В плохо освещенном коридоре, у двери, стоял, как на страже, человек восточного типа с узкими раскосыми глазами. Мне показалось, что где-то рядом должна находиться и лампа Аладдина. Поискав ее взглядом, но не найдя, я обратился к чудесному видению с вопросом, где здесь находится балетмейстерская кафедра. Джинн этот, оценив тамерлановским прищуром стоящее перед ним растерянное волосатое существо, кивнул на дверь — мол, рядом.

Вот так мы познакомились с Вахабжаном Ниязановичем Салимбаевым, который скоро для меня стал просто Володей. Этот замечательный человек жил и работал в Киргизии, а в жилах его текла узбекская и украинская кровь. Он уже был лауреатом Всесоюзного конкурса балетмейстеров в Москве, имел сложившийся взгляд на искусство.

А здесь, в коридоре, он немедля для пафоса «распустил хвост» и погрузился в риторику вопроса о «курице и яйце»: что первично — артист балета или балетмейстер? Он сыпал замечательными именами в расчете убить меня совсем, превозносил новую хореографию, заявляя о ее необходимости, но вдруг выяснилось, что он — такой же абитуриент, как и я. Но я храбро держался, желая быть с ним в этой беседе на уровне, и очень прозрачно намекал ему, что и сам не лыком шит, что поставил уже с десяток балетов.

Беседа двух петухов от Терпсихоры прервалась шумной процессией. По коридору шел сам Мариус Петипа в сопровождении свиты. Коленки неприятно и предательски подогнулись, а хотелось вытянуться «во фрунт». Меня спас голос моего собеседника: «Здравствуйте, Петр Андреевич!» Да, это был П. А. Гусев, легендарный артист, педагог, балетмейстер, заведующий кафедрой. Я знал, что он видел поставленный мной номер на музыку Р. Щедрина «Двое» для двух воронежских выпускников. Мой педагог — и добрый ангел — Анастасия Николаевна Кокурина после просмотра номера отозвалась обо мне довольно восторженно, и П. А. Гусев дал «добро» на мой приезд в Консерваторию.
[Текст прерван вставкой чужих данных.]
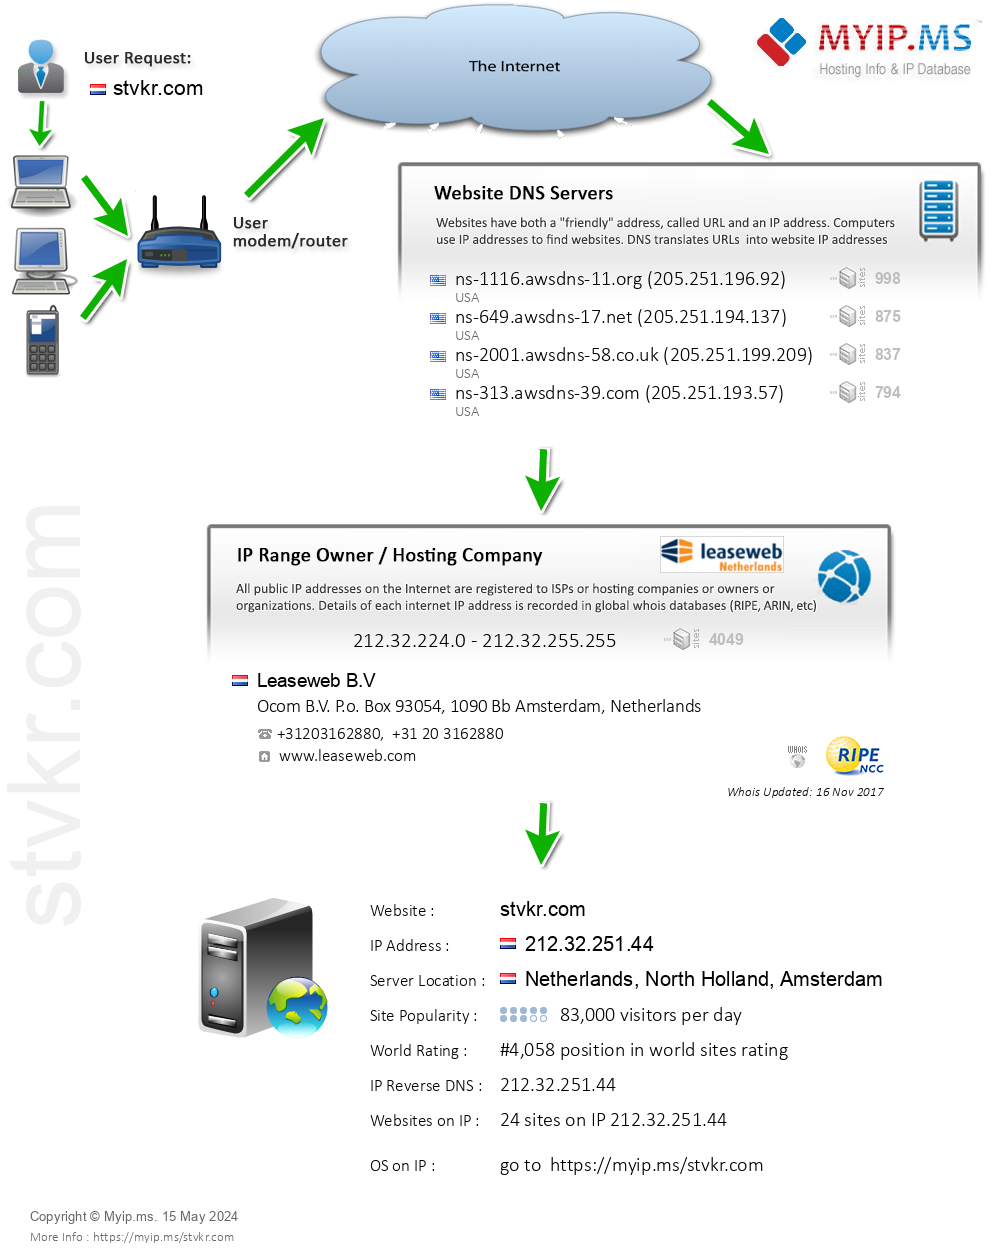 Stvkr.com - Website Hosting Visual IP Diagram

Чувствуя всеми клеточками, что такая встреча с Гусевым вряд ли повторится, я с перепугу напомнил о себе. Мэтр пригласил меня с Салимбаевым в кабинет. Мы что-то мямлили о любви к балету, о желании учиться в Консерватории и пытались возбудить отзывчивые струны души Мэтра, заявляя о преданности его делу — искусству постановки танца.

Уважаемый Мэтр выслушал и, видимо, сразу же понял, что у этих двух нерусских страдальцев по балету вряд ли может быть благополучно с русской грамматикой, историей и прочими предметами, вынесенными на вступительные экзамены. И нам было по 28 лет! Переговорив с кем-то по телефону, он написал записку и, передавая ее нам, сказал: «Это сдадите педагогу, который будет принимать у вас экзамены. Все, кроме специальности, будете сдавать вдвоем и отдельно от всех. А документы привезете, если поступите».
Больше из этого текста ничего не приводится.